Появился новый класс посредников, который помогал взаимодействию жителей Средней Азии с колониальными властями. Подобно большинству коренных представителей местной администрации – так называемой «живой стене» (living wall)[87], – эти люди населяли пограничное культурное пространство: они еще не были колонизаторами, но уже стояли ступенью выше среднего мусульманина, ближе к административным знаниям и бюрократическим ресурсам. Так, местные жители получили возможность нанимать русских поверенных, хорошо осведомленных в имперском праве. Такие личности, как Антон Глаз, были известны на весь регион за умение искусно маневрировать между юрисдикциями и представлять в разном свете правовой статус подзащитных. Представляя интересы некоего Файзыбая Батибаева в деле о неуплаченном долге, Глаз, будучи на грани проигрыша, подал апелляцию на решение народного суда, в которой заявил, что его клиент – казах-христианин, а следовательно, поскольку он не мусульманин, его дело должен рассматривать русский суд. Когда Файзыбая пригласили в областное управление, он сказал правду – что является узбеком (сартом), урожденным мусульманином, и соблюдает законы шариата[88]. Военные чиновники, которым довелось быть свидетелями изворотливости Глаза, пришли к выводу, что «видя, что законным путем выиграть и даже затянуть дело нельзя, решил затянуть дело путем нелегальным». Неудивительно, что военные чиновники, понимая, сколько сложностей могут принести такие поверенные, развернули дискуссию о том, разрешать ли этим людям представлять местных жителей в народных судах[89].
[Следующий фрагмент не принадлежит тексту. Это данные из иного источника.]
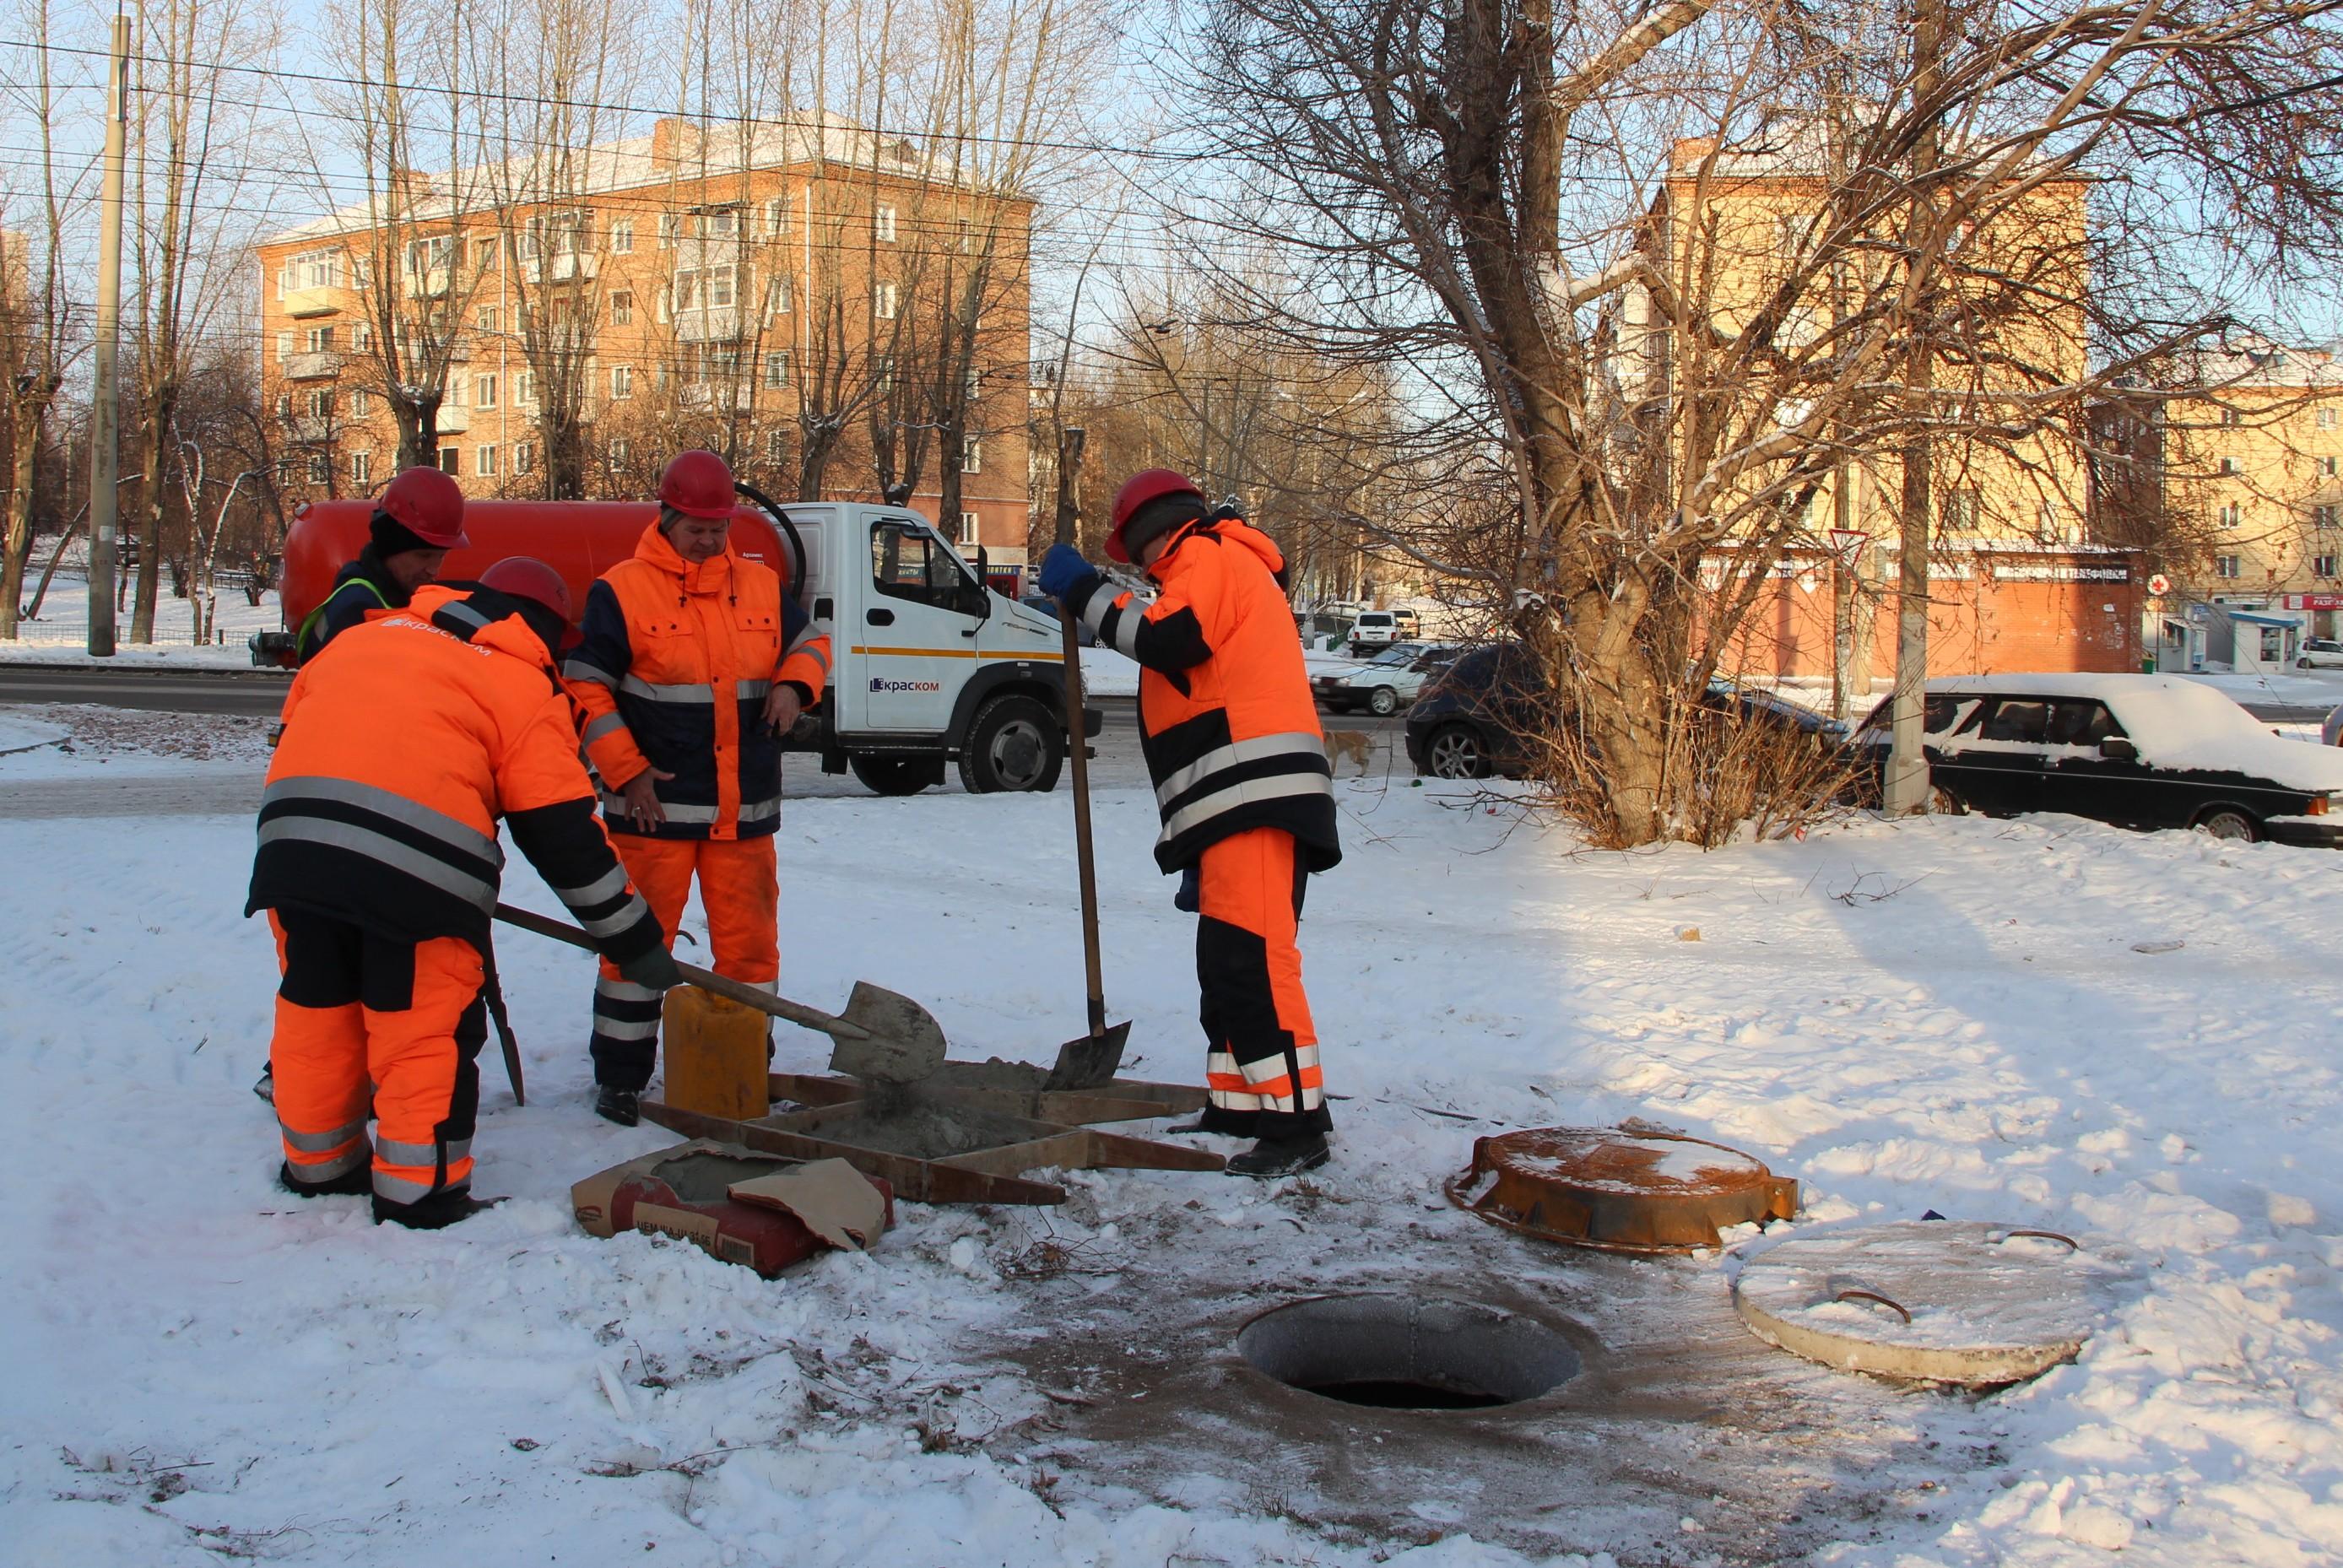 Всего на обслуживании компании «КрасКом» находится 27,9 тыс. канализационных, 12,7 тыс. водопроводных и 7,1 тыс. тепловых колодцев с крышками.

Также существовал контингент переводчиков, или толмачей, ярко описанный в рассказе Абдуллы Каххара. Эти люди тоже выступали в важной роли посредников между местными истцами и имперскими должностными лицами. Колонизаторы обладали слабым знанием среднеазиатских языков. Их сильная зависимость от переводчиков стала тяжелым бременем для имперской администрации[90]. Как европейские, так и местные свидетели не упускали случая упомянуть недобросовестное поведение переводчиков. С одной стороны, такие отзывы могли представлять собой попытки жаловаться на недостатки колониальной бюрократии; с другой стороны, осуждение переводчиков было распространенным мотивом, с помощью которого авторы старались угодить определенной аудитории. Такой аудиторией могли быть противники имперской политики надстраивания новой системы на базе старых институтов; этим читателям бы больше понравилось, если бы бюрократия активнее вмешивалась в повседневные дела местных институтов[91]. В Туркестанском генерал-губернаторстве, где письменная форма коммуникации играла существенную роль, военные чиновники сплошь и рядом пользовались услугами переводчиков. Как мы увидим в главе 4, заметки на полях перевода часто становились незаменимыми для того, чтобы чиновник, читающий документ, понял (запутанный юридический) контекст написанного. Этим легко объяснить карьерный взлет таких культурных посредников, как переводчики[92]. К примеру, Александр Кун[93], первооткрыватель «архива хивинских ханов», обязан своим знанием придворной культуры Кунгратского ханства (и другой информации о Хорезме) своему помощнику и переводчику из коренных жителей, Мирзе Абдуррахману. Сотни и сотни прошений дают понять, что множество имперских чиновников были вынуждены обрабатывать целую лавину бумаг[94]; Арендаренко[95] лаконично характеризует такую ситуацию как «канцеляризм». Этими бумагами их снабжали такие служащие, как Мирза Абдуррахман. Именно они брали на себя большую часть рутинной работы по переводу с чагатайского и персидского языков на русский[96].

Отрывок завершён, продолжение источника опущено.